Figure 18-1: Variations among homologous DNA sequences
Figure 18-1: Variation in the aligned DNA sequences of seven chromosomes from different people. The asterisks show the location of SNPs. The location of an indel (insertion/deletion of a string of nucleotide pairs) and a microsatellite are also indicated.

Single nucleotide polymorphisms (SNPs)

SNPs are the most prevalent types of polymorphism in most genomes. Most SNPs have just two alleles—for example, A and C. SNPs are usually considered common SNPs in a population if the less common allele occurs at a frequency of about 5 percent or greater. SNPs for which the less common allele occurs at a frequency below 5 percent are considered rare SNPs. For humans, there is a common SNP about every 300 to 1000 bp in the genome. Of course, there are a far greater number of rare SNPs.

Figure 18-2: A microarray is used to detect variation in SNPs
Figure 18-2: Detecting variation in DNA: SNPs. View of a small portion of a microarray used to scan a single individual’s genome. Each dot represents one SNP, with red and green for the homozygous classes and yellow for heterozygous.

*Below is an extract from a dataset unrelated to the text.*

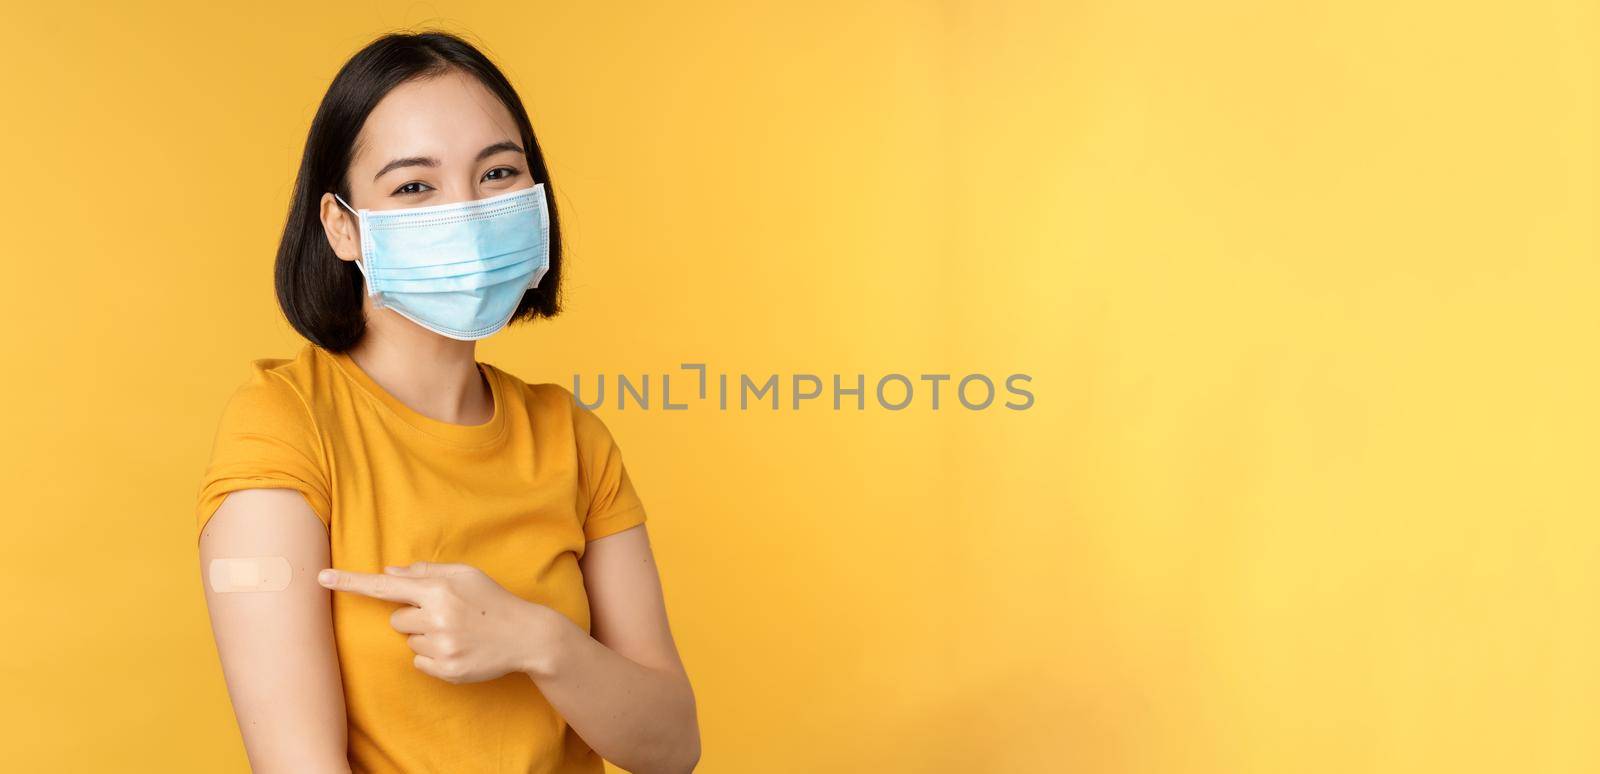 Vaccination and covid-19 pandemic concept. Smiling asian woman in medical face mask, showing her shoulder with band aid after vaccinating from coronavirus, yellow background.

SNPs occur within genes, including within exons, introns, and regulatory regions. SNPs within protein-coding regions can be classified into one of three groups: synonymous if the different alleles encode the same amino acid, nonsynonymous if the two alleles encode different amino acids, and nonsense if one allele encodes a stop codon and the other an amino acid. Thus, it is sometimes possible to associate a SNP with functional variation in proteins and an associated change in phenotype. SNPs located outside of coding sequences are called noncoding SNPs (ncSNPs). If ncSNPs have no effect on gene function and phenotype, they are called silent. Silent ncSNPs can be very useful in population genetics since they can be used as markers to address questions about population-genetic processes such as gene flow between populations.

668

To study SNP variation in a population, we first need to determine which nucleotide sites in the genome are variable—that is, constitute a SNP. This first step is called SNP discovery. SNPs are often discovered by sequencing the genomes of a small sample of individuals of a species, then comparing these sequences. For example, SNP discovery in humans began by partially sequencing the genomes of a discovery panel of 48 individuals from around the world. Variable nucleotide sites were discovered by comparing the partial genome sequences of these 48 individuals with one another. This initial effort led to the discovery of more than 1 million SNPs.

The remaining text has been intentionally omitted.